Something on the whiteboard catches your eye. You move closer, letting a hint of solvent lingering
from dry erase markers make its way to your olfactory receptors. It's you. A comic-strip form of
you. Next to your likeness are the words you have so-passionately used to describe your new idea...
Innovative. Helpful. Friendly.
Panning your head further to the right, you begin to navigate a maze of doodles until you see it.
There, on the next wall, are print-outs of phone and laptop screens of all sizes. Inside these
screens are circles, rectangles, squares.

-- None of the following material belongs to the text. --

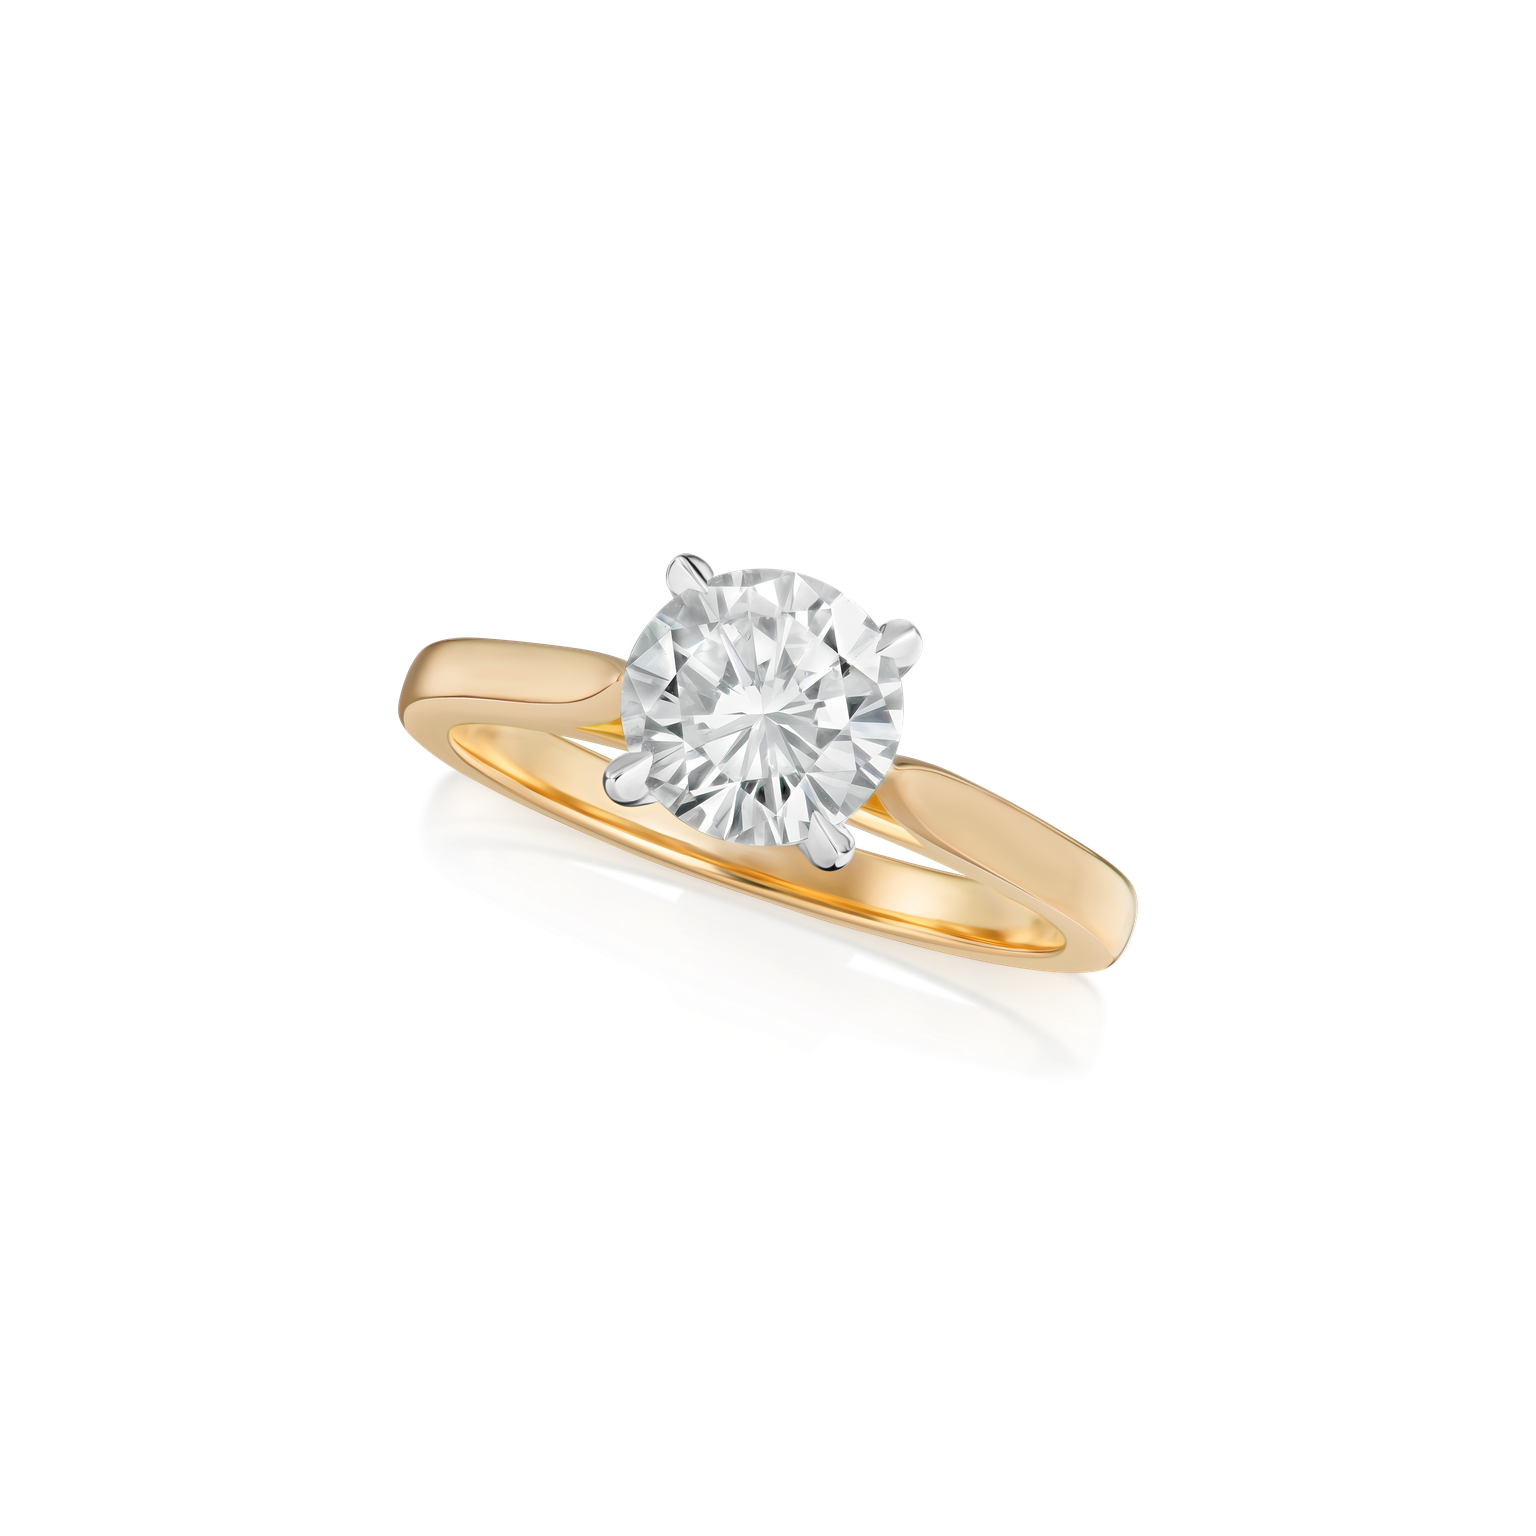 1.08cts Round Brilliant-Cut Diamond Solitaire Ring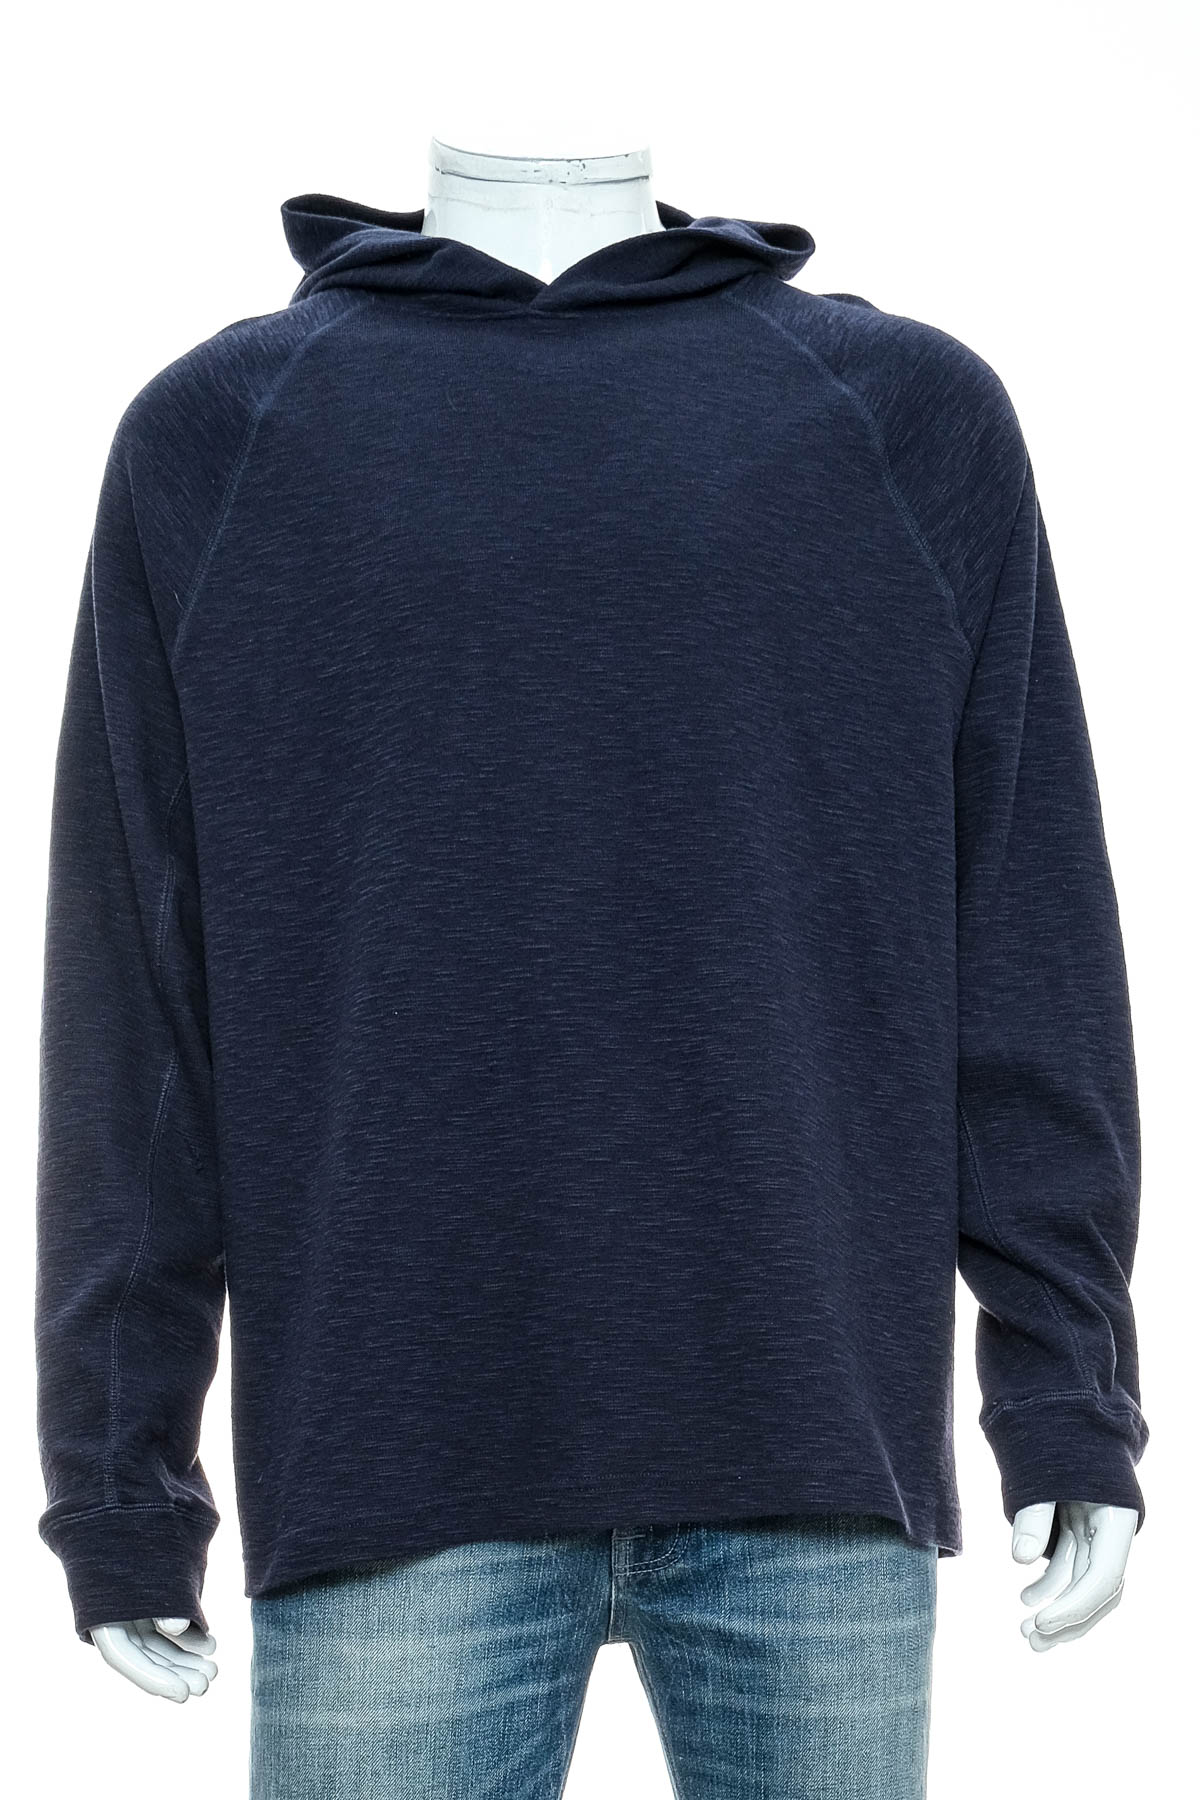 Men's sweater - APT. 9 - 0

Then you hear it in your ear. Lub-dub. Lub-dub. Lub-dub. You feel it in your chest. Lub-dub. Lub-dub.
Lub-dub.
Your heart. Your idea. It's beating.
Meet design documentation. The heartbeat of a product—from the first spark of inspiration on a
soda napkin all the way through launch... and into the future, with the product's evolution and all
its iterations and features.
Product design is a collaborative process between designers, clients and users. Design documentation
fuels that collaboration, driving a project forward and leaving a story of product evolution in its
wake. A story that includes: ideas and the user research behind them, as well as design decisions
and the rationale behind them.
Much like the benefits of having a healthy heart, great design documentation—when organized and
clearly labeled—has wonderful benefits with its own ROI.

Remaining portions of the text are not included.